LS: You’re a natural born storyteller, where does that power of story come from?
MT: Wow! I guess my mom. Origin story… if I take after either of my parents, I take after my mom. She was an extrovert, loved people, loved to laugh. Toward the end of her life she did some community theater, and I loved seeing how it lit her up to be on stage. She also introduced me to literature early. We had the sci-fi classics in our home from Isaac Asimov, Arthur C. Clarke, Robert Silverberg. She was a member of a science fiction book club and as soon as she was done with a book she’d pass it down to me. To hone any creative craft you have to have influences, whether its music or stories, and you have to be listening. If I’m listening to bluegrass music, it isn’t just listening to music. I’m listening and learning where the mandolin player is coming in, where they’re holding back, how they are crafting the solo to fit the song. When I decided to be a conference speaker and even when I attend a conference now, half my brain is trying to pay attention to the content, but the other half of my brain is watching the speaker. The way the speaker says something, how it’s presented, how the audience is responding to the speaker and how and what is presented, etc. Then I try to bring that into my own storytelling and presentations.
A little lesser known thing about me is I’ve done competitive storytelling. I recently got back into it and was asked to join an event of curated queer storytellers. I told my life story as the Wizard of Oz going in the closet as a teen and then coming out 40 years later. Watching how it really hit and connected with the audience reminded me why I really liked doing this. It was fun and I’ll be doing that a lot more in the future.

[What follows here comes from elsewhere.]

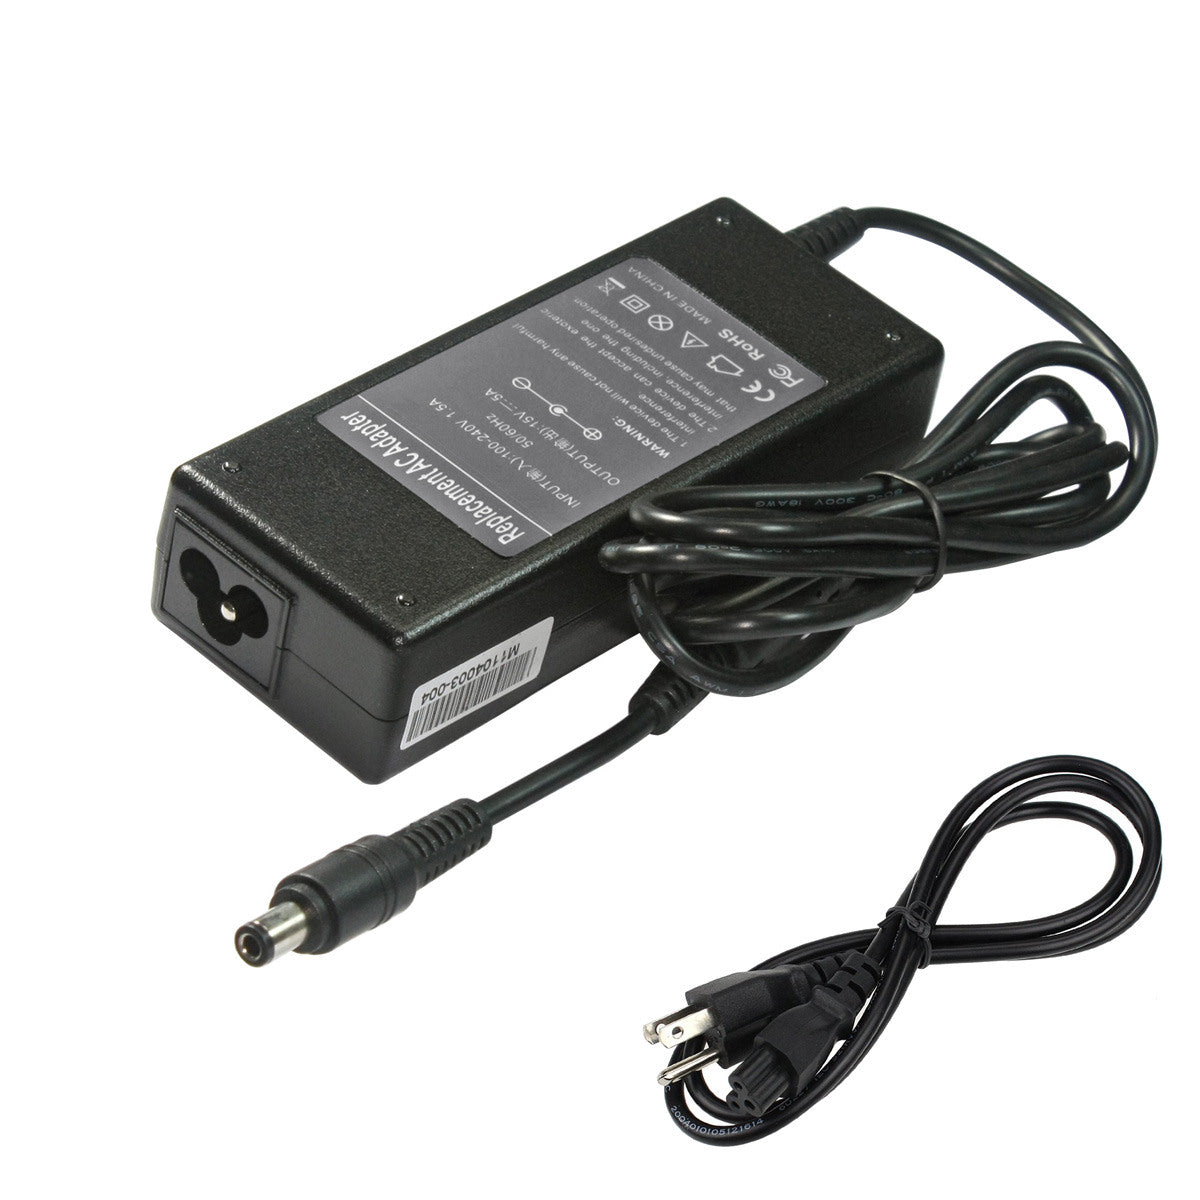 Compatible Designed Toshiba Satellite A55 AC Adapter.

Footnote to our conversation:
We trust this visit with Mark provided some inspiration. Learning how brands should cluster their content to better answer questions for their users. That brands can find the right users by listening, and listening will provide the brand’s true north. It all starts with something very fundamental we should have learned as children first and marketers second, we need to listen and then communicate.
Mark’s flair for storytelling will converge with his deep marketing acumen when he presents his, Content Marketing to Drive All the Channels, at this year’s Zenith Conference.